您将注意到，您的实际结果是通过类似z的遍历错误形状的输出-获得的

start
    | /|     /| /|
    |/ |    / |/ |
      /    /    / 
     /    /    /
    | /| /    | /|
    |/ |/     |/ |
                 end

This implies that you must move over the array in varying strides to get your actual result. In conclusion, a simple reshape is not enough. You must transpose the original array, in such a manner that these Z-like elements are made to be contiguous to each other, such that a subsequent reshape call gives you the output you need.

这意味着您必须在不同的步骤中移动数组以获得实际的结果。总之，简单的改造是不够的。您必须对原始数组进行转置，以使这些类z的元素彼此相邻，以便后续的重新配置调用能够提供您所需的输出。

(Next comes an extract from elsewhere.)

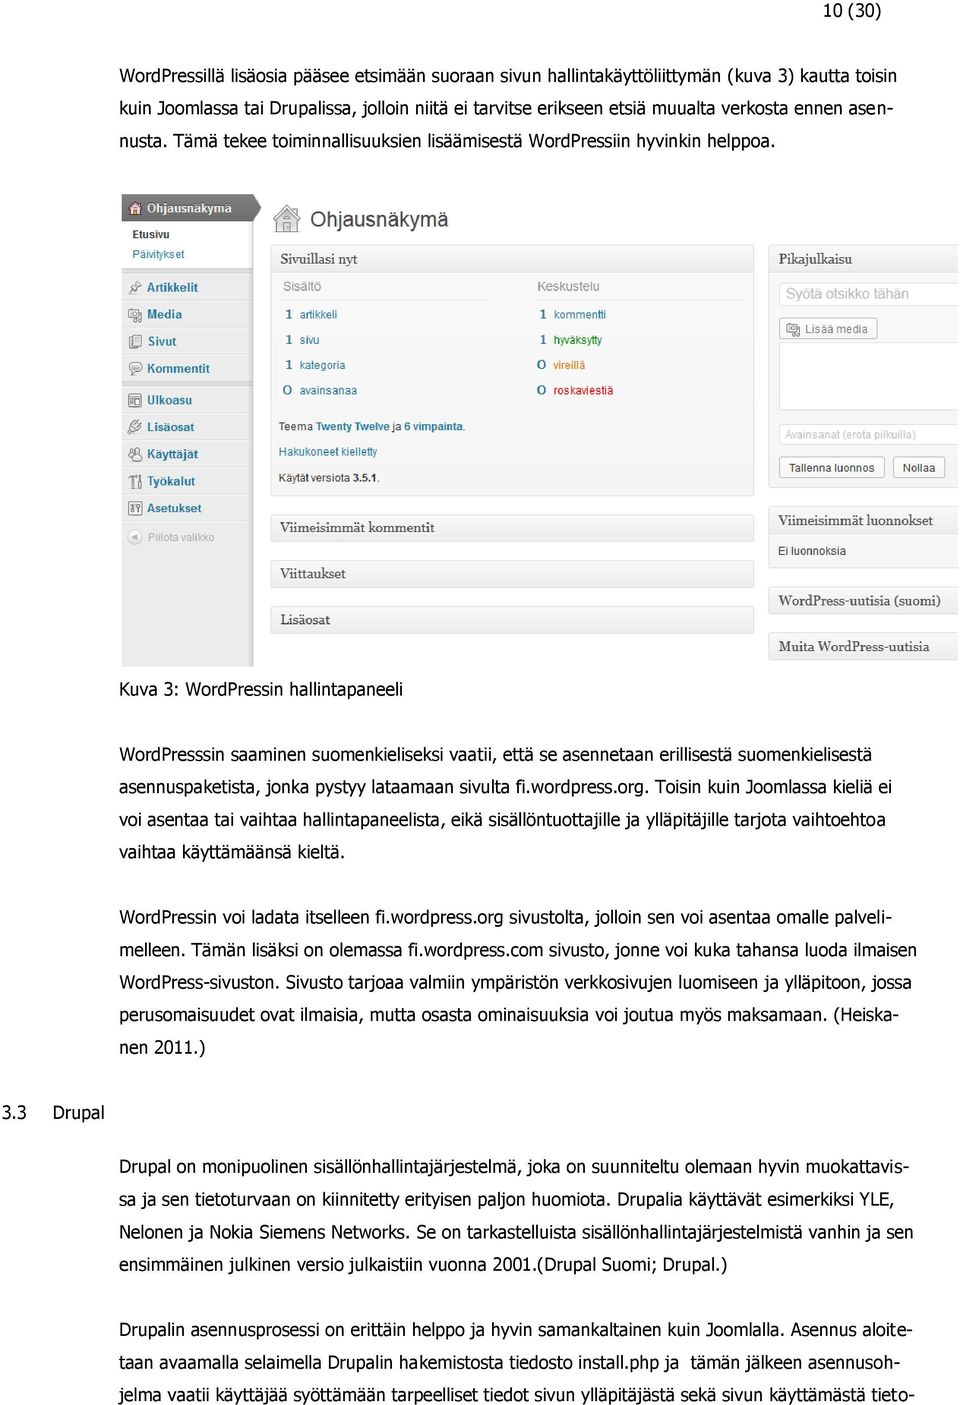 Kuva 3: WordPressin hallintapaneeli WordPresssin saaminen suomenkieliseksi vaatii, että se asennetaan erillisestä suomenkielisestä asennuspaketista, jonka pystyy lataamaan sivulta fi.wordpress.org.
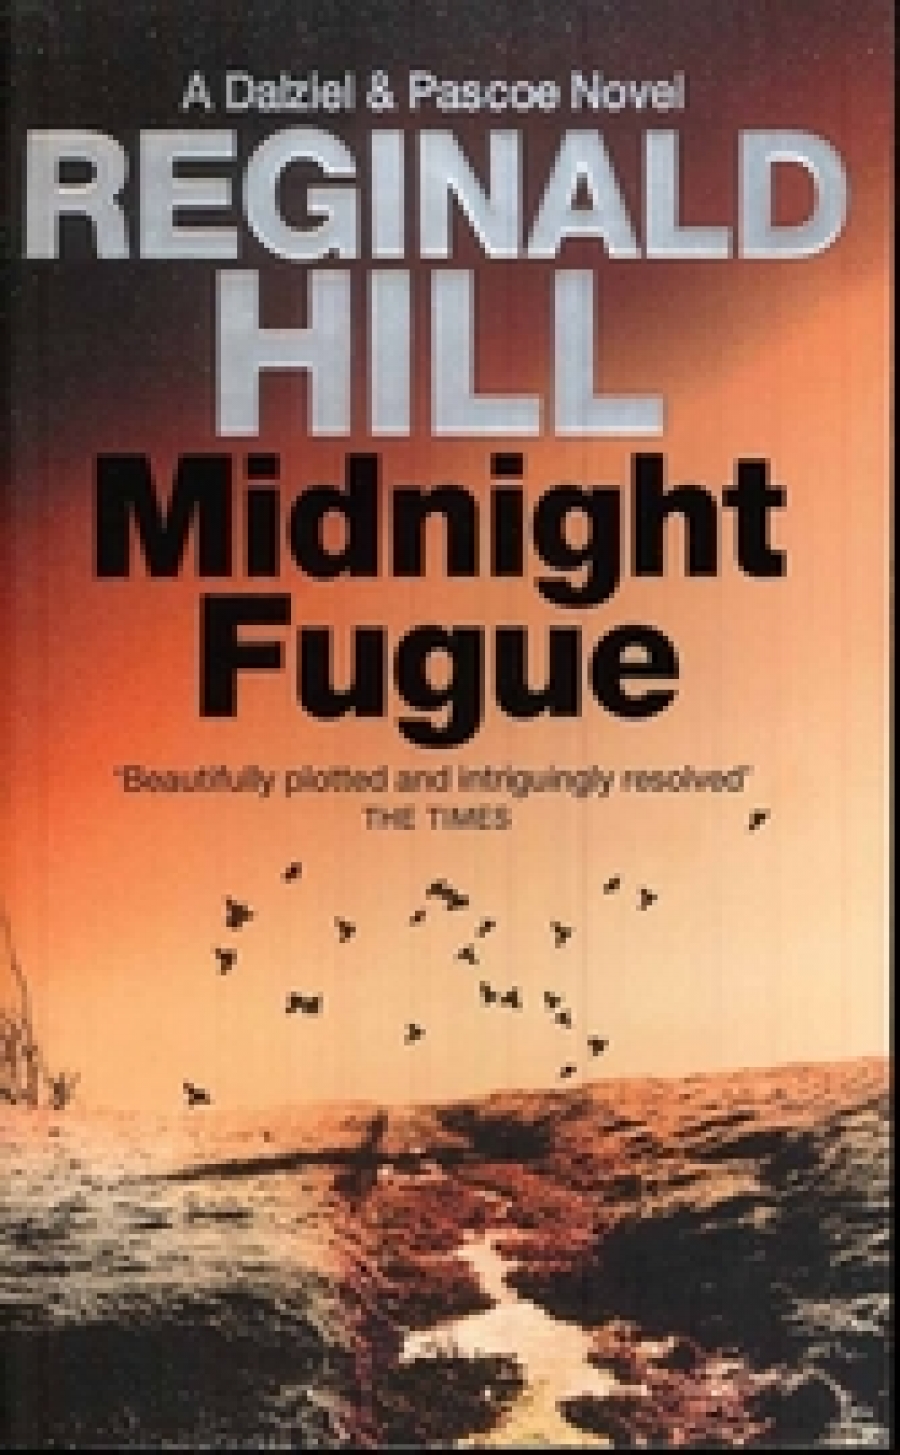 Hill, Reginald Midnight Fugue

To understand how to transpose correctly, you should trace the elements along the input and figure out what axes you need to jump to get to each one in the output. The transposition follows accordingly. Divakar's answer does a sterling job of explaining this.

要理解如何正确地进行转置，您应该沿着输入跟踪元素，并找出需要跳转到输出中的每个坐标轴。接下来的换位。迪瓦卡的回答很好地解释了这一点。